The proposed unified compression framework (BPGAN) uses a GAN to compress heterogeneous signals. The compressed signal is represented as a latent vector and fed into a generator network that is trained to produce high quality realistic signals that minimize a target objective function. To efficiently quantize the compressed signal, non-uniformly quantized optimal latent vectors are identified by iterative back-propagation with alternating direction method of multipliers (ADMM) optimization performed for each iteration.
The target signal is first encoded as an initialization to the latent representation by an encoder. Then the latent vector z is optimized according to a reconstruction criterion through interative ADMM back-propagation. The latent variable is also discretized in this iterative back-propagation (BP) process.The quantized latent signal is entropy encoded for further code size reduction. In the proposed framework, the generator parameters are shared between the transmitter and receiver. At the receiver, the generator decodes the latent signal, which is converted back to its original format via post-processing.
The detailed neural network structure of our generator model.
In order to use the datasets used in the paper, please download the Open Image dataset, the Kodak dataset, and the TIMIT dataset.

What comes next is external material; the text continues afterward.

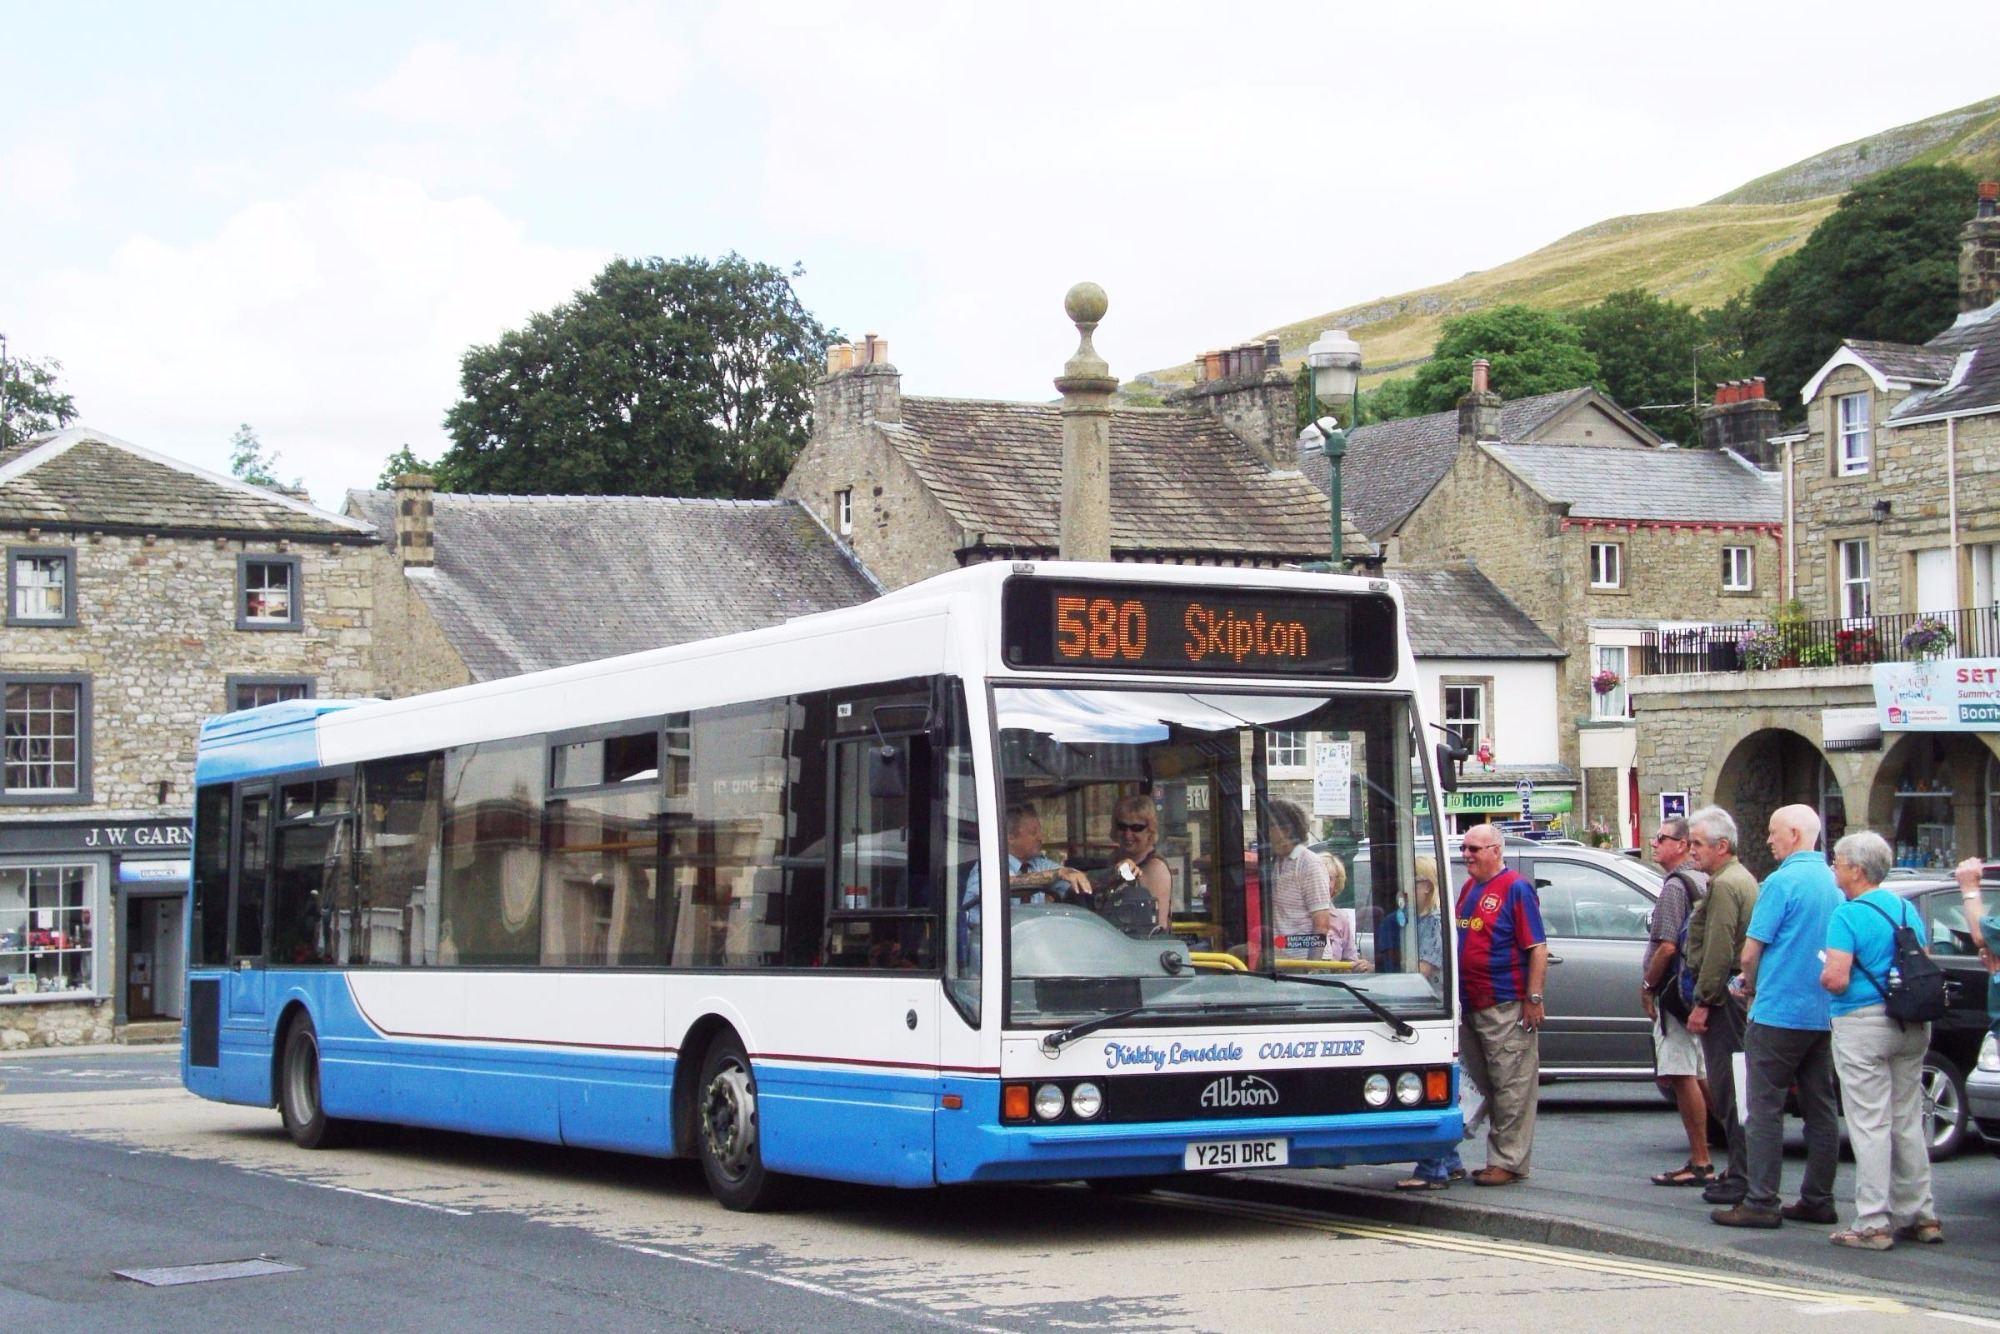 581 Bus Service

- The Open Image dataset are used for training the image compression network.
- The Kodak datasets is implemented for testing the performance.
- The TIMIT dataset is used for training the speech compression network.
- The compressed signal is the input for the generator network.
To further reduce the bitrate of the compressed signal, we applied ADMM quantization for the compressed signal by searching the optimal quantized latent through back-propagation iteratively.
To further reduce the size of the compressed signal, we implemented the Huffman coding as the final compression step in our framework.
- Install Pytorch and Torchvision website
- Install requirement package libfftw3-dev, liblapack-dev, ltfatpy, librosa
$ sudo apt install libfftw3-dev
$ sudo apt install liblapack-dev
$ pip install ltfatpy, librosa
With all the package and data downloaded, train the compression model with commend:
$ python train.py
To tested the result without ADMM quantization,
$ python test.py
To test the result with ADMM quantization
$ python Compression_ADMM.py
Please cite our paper if you find our paper useful for your research.
@INPROCEEDINGS{9053233,
author={B. {Liu} and A. {Cao} and H. -S. {Kim}},
booktitle={ICASSP 2020 - 2020 IEEE International Conference on Acoustics, Speech and Signal Processing (ICASSP)},
title={Unified Signal Compression Using Generative Adversarial Networks},
year={2020},
volume={},
number={},
pages={3177-3181},
doi={10.1109/ICASSP40776.2020.9053233}}